How to Steal the Plot Armor – PART ONE

by Luke Wildman

 

The day before it started, I had to chase off three more heroes with a stick. I swear, winter is the worst season for them. You get a few enterprising farm boys during the spring and summer, and fall’s the time for disinherited princes looking to reclaim kingdoms that their uncles stole from their murdered fathers, but winter is when the big ones arrive. There’s nothing worse than sitting down in front of the hearth, a tome on your knee and a tankard of ale at your elbow, all cozy while the blizzard howls outside — and hearing a knock at the door.
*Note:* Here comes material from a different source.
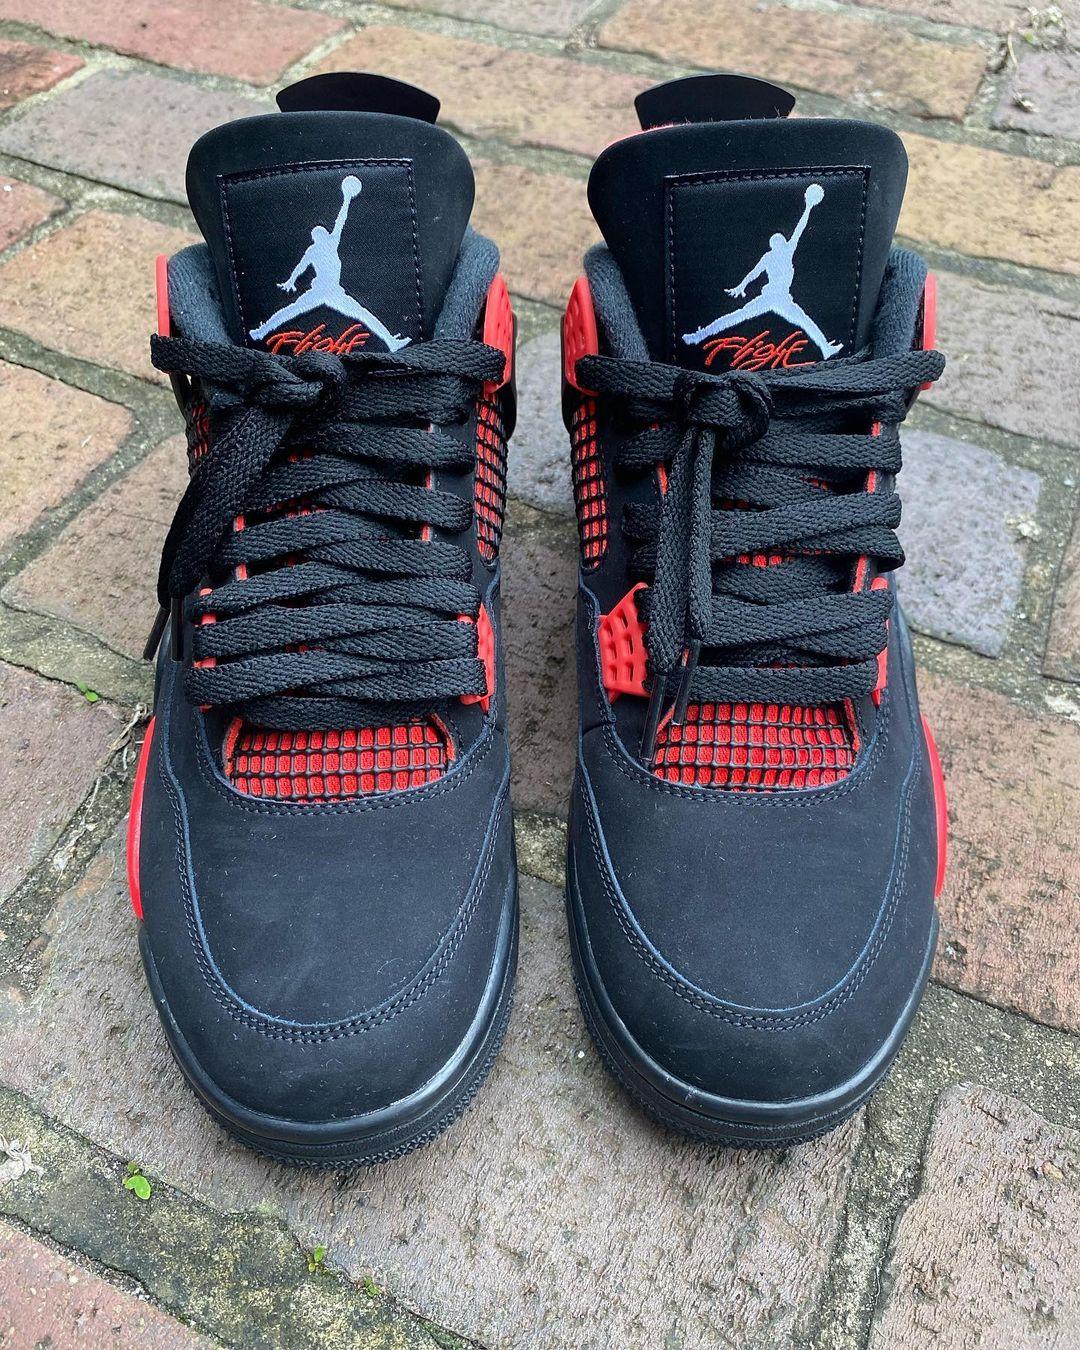 Air Jordan 4,AJ4,发售,CT8527-016  酷似雷公配色!全新黑红 AJ4 实物曝光!这质感真不错!

You’ll have no peace till you open it. When you do, you’re greeted by the sight of a hulking, smelly barbarian, snow clinging to his fur cloak, sword bigger than your leg strapped over his back, with a story of an omen-prompted journey into the mountains to seek one who will tutor him in magic, or guide him to hidden paths, or interpret runes on an ancient map, and might you be that one? And, of course, you are. Try to deny it and he’ll point out that the prophecy specified the man he sought would be holding a tome and a tankard, and would be venerable of years, knobby of knees, bearded of chin, and dark-skinned as the night. Really, they might leave out the knobby knees part, just once. Do they think I have no feelings? (Continue Reading…)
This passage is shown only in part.